Bir haber dolaşıyor sosyal medyada.
Hatırlanacağı üzere Konya'da bir emekli imam ve eşi öldürülmüştü. Öldürülen emekli imam ve eşinin katilinin maalesef ki oğlu olduğu haberleri ortaya atıldı.
Bu ve bunun gibi olayları sıkça duyar olduk artık.
Anne-babasının sözünün üstüne söz, ciğerlerinin üstüne köz düşürmekten imtina eden bir nesilden sonra, bu gibi vakalar cidden vahim.
Evladıyla arkadaş olduğunu iftiharla söylemek devrindeyiz.
Evet çocuğumuzla dost oluruz. Olmalıyız. Arkadaşlık, yarenlik de yaparız. Ama bu bizim onların büyüğü olduğumuz gerçeğini unutturmamalı.
Ana-baba hakkında, evlatlık sorumluluklarının hatırlatılması noktasında, ‘Kur'an ne emrediyor, Efendimiz Hz. Muhammed'in (s.a.v) çizgisi nedir?’i sıklıkla es geçiyoruz.
Diğerlerini bilemem. Hizmet erbabı olanların, tebliğ ve tavsiye makamında oturanların vazifesi ilk evvelâ ailesi olmalıdır.
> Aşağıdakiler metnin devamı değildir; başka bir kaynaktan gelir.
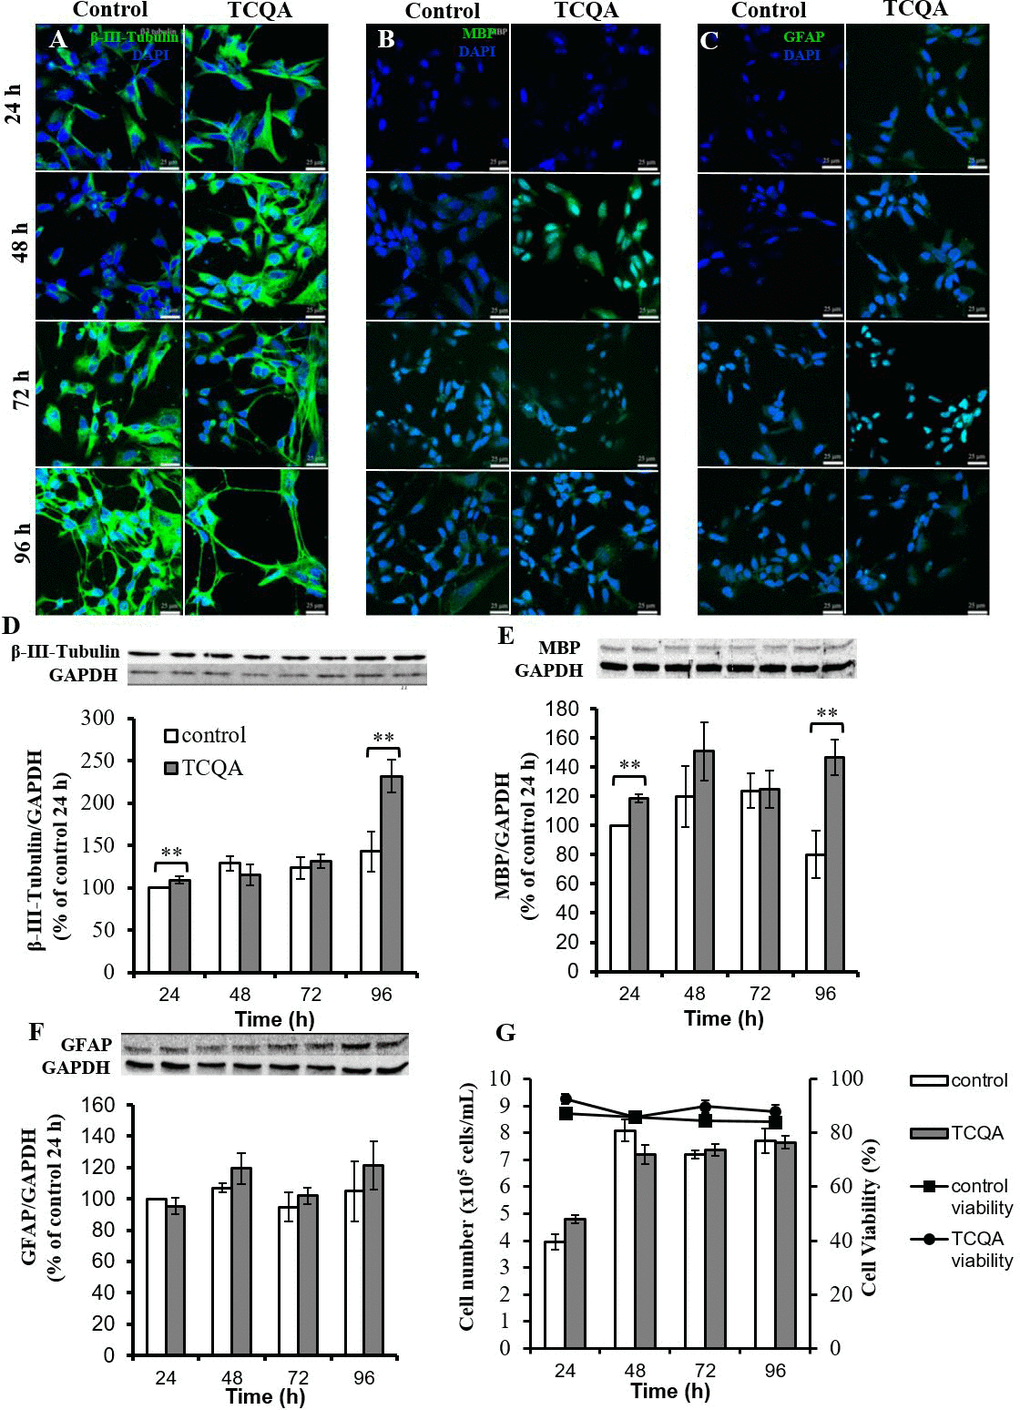 The effect of 3,4,5-tricaffeoylquinic acid (TCQA) on fate, protein expression levels of differentiation markers, and cell proliferation of human neural stem cells (hNSCs)

Toplumun temel taşı aile güçlendirilemez, sağlam ve düzgün temeller üzerine oturtulmaz ise, ne yapsak boş.
Tebliğ yaparken ailemizi unutuyoruz galiba...
Peygamberimize (s.a.v) bakıyoruz:
Tebliğ ve irşada ilk önce ailesinden başlamamış mıdır?
Dar daireden, geniş daireye doğru metod uygulamıştır.
Derdimiz; önce ailemizi ateşten koruyan, istikamet üzere yaşayıp rol model olmak olmalı.
Diğerleri bundan sonra gelecektir.
Hatta bunun tersi durumlarda, çocukların sevgisi eleştiriye, uzaklaşmaya, zıtlaşmaya, isyana belki de nefrete dönüşebiliyor.
Egolarımız, aynaya bakmamıza engel oluyor.
"Nerede eksiğiz?" sorusunu bize sordurtmuyor.
Öz eleştiriyi zaaf, nefsimize suç bulmayı acizlik görüyoruz.
Biz tohumları atmaya, bıkmadan usanmadan devam edersek, günü geldiğinde yeşereceğini ummak hakkımız olur.
Eskilerin "Ot kökün üstünde biter" deyimi, tam da bu konunun özetidir.
Ne kadar sahih bilmiyorum. Bir nakile göre, "Ahirzamanda köleler, efendilerini doğuracak" denmekte.
Evlatlarımız kölemiz de olmasın, efendimiz de. Herkes yerini, konumunu, önceliğini, haklarını, vazife ve sorumluluğunu bilse yeterlidir.
Sevgi-saygı-edep-iman ile şekillenen aileler, dev toplum aynasıdır.
Üçüncü sayfa haberlerine konu olan bu gibi vahim olaylar, aslında başımızı ellerimizin arasına alıp, derin derin düşünecek kadar büyük ve elzemdir.